Low year-end for business confidence

9th January 2014 By: Creamer Media Reporter

Low year-end for business confidence

Photo by: Bloomberg

The South African Chamber of Commerce and Industry (Sacci) Business Confidence Index (BCI) performed better in December 2013 than in November 2013 month-on-month, with the BCI increasing by 1.1 index points to 91.9 in December  from 90.8 in November.

Although this is the highest reading for the BCI in the second half of 2013, Sacci noted in a statement on Thursday that it was 1.1 index points below the December 2012 level.

The average level for the BCI in 2013 was 91.4 compared with an average of 94.1 in 2012. In relation to previous years, 2013 presented the worst yearly performance for the BCI since 1999 when the BCI averaged 87.6 and the business cycle was in a downward phase. The average for the 2013 BCI was 8.1 index points below the level of 100 for the 2010 base year and 27.6 index points below the yearly peak of 119 in 2006.

Four subindices of the BCI did not move significantly between December and November 2013, five had a negative impact, while four positively influenced the BCI in December 2013. Year-on-year, four subindices made positive contributions to the BCI, eight had a negative impact and one was neutral. Major activities such as exports and manufacturing improved year-on-year, while municipal services and lower real financing cost also contributed, albeit to a lesser extent, to the December 2013 uptick in the BCI.

Sacci said the economic outlook for 2014 remained varied from cautiously optimistic to concerns about a risk-prone environment.

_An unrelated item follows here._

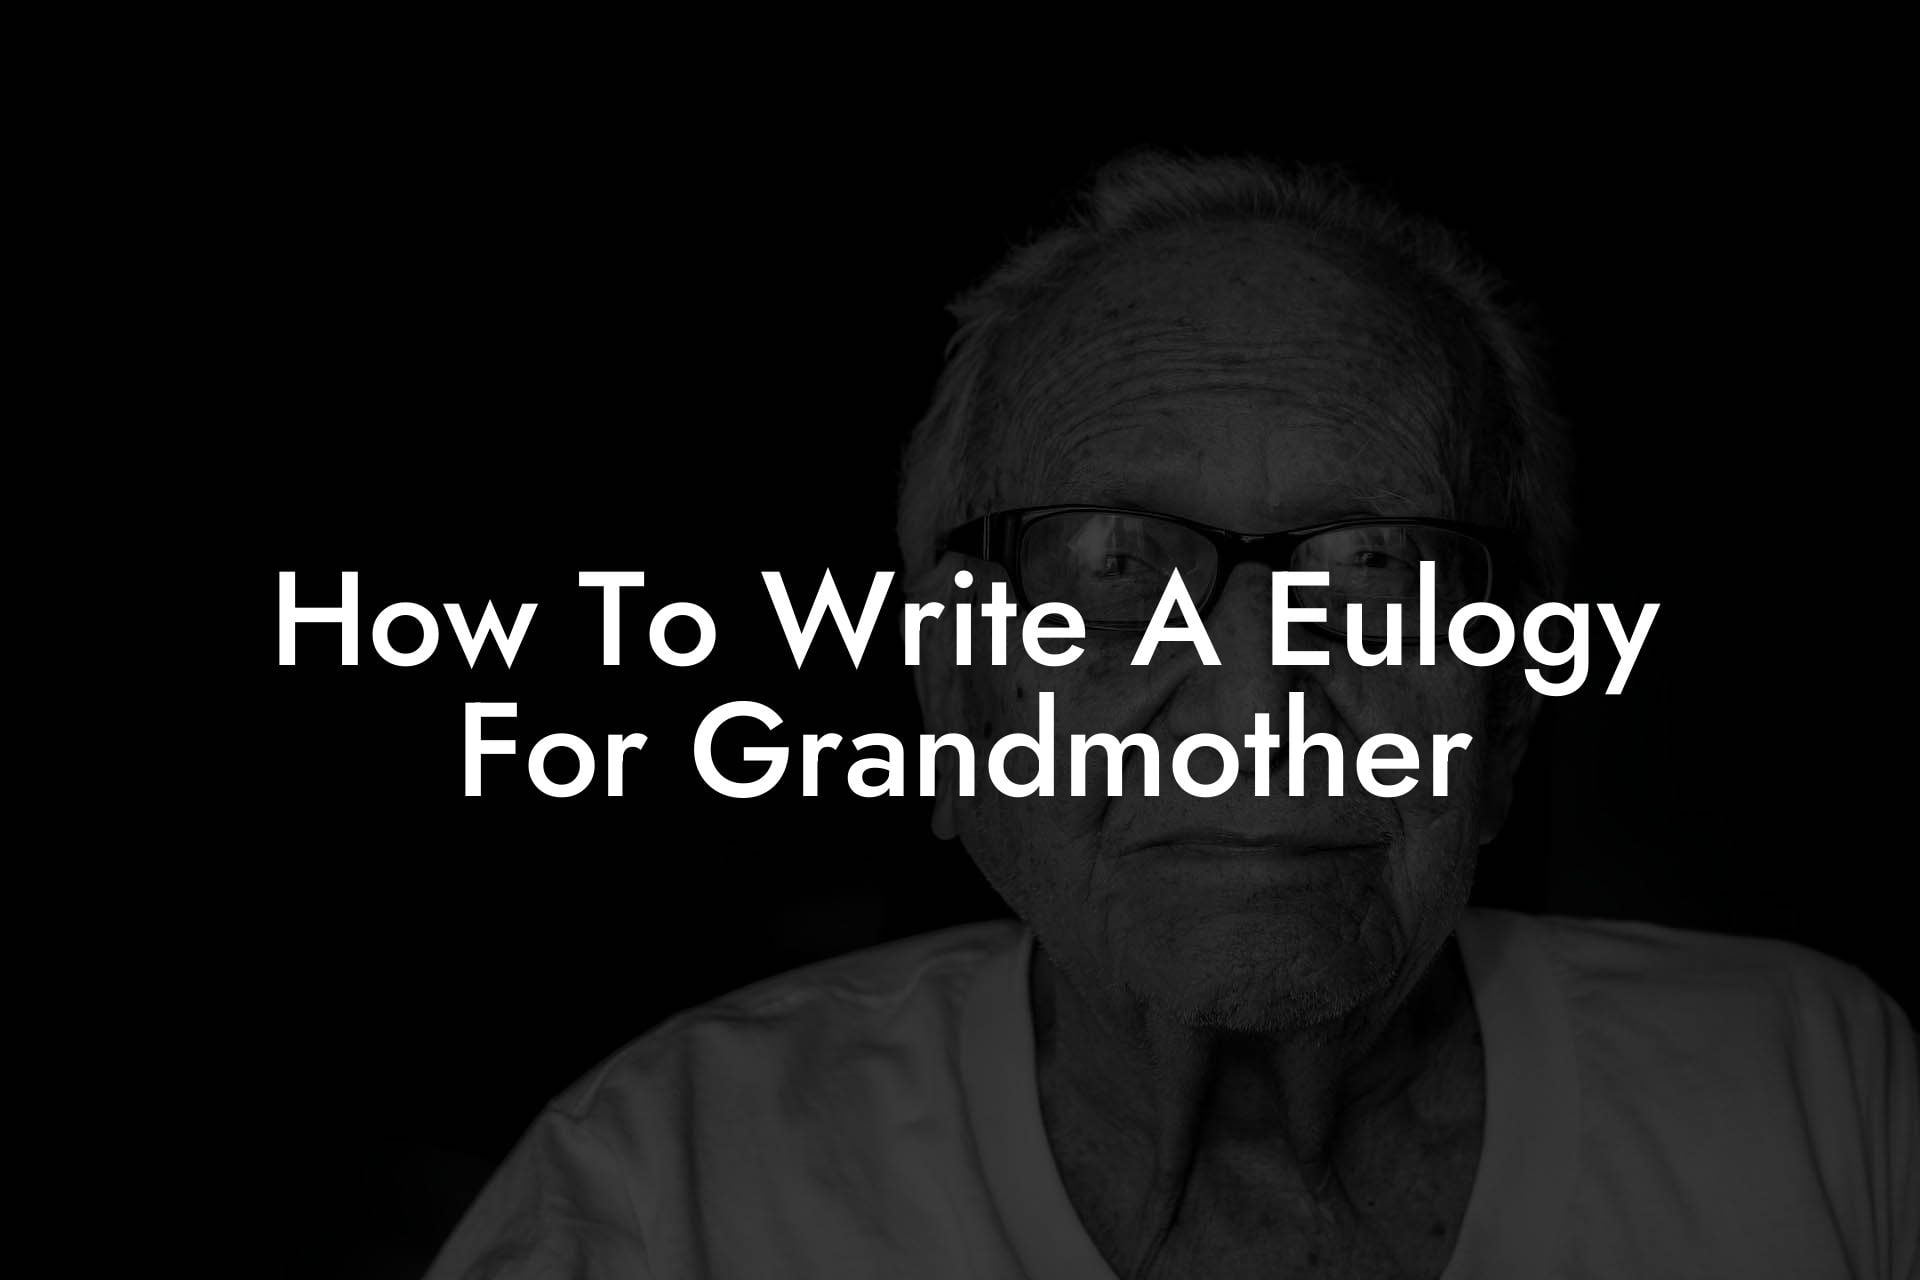 How To Write A Eulogy For Grandmother

“This year’s business climate and South Africa’s economic performance for the longer term depends on the country’s approach to certainty in its economic policy direction, institutional capacity to implement policy, aligning policy positions with the National Development Plan, supporting the private sector as the vanguard of economic growth, sticking to economic recipes that have proven sustainable outcomes, positioning to take advantage of improvements in global economic performance, dealing with local short-term economic weaknesses and structural economic bottlenecks,” noted the chamber.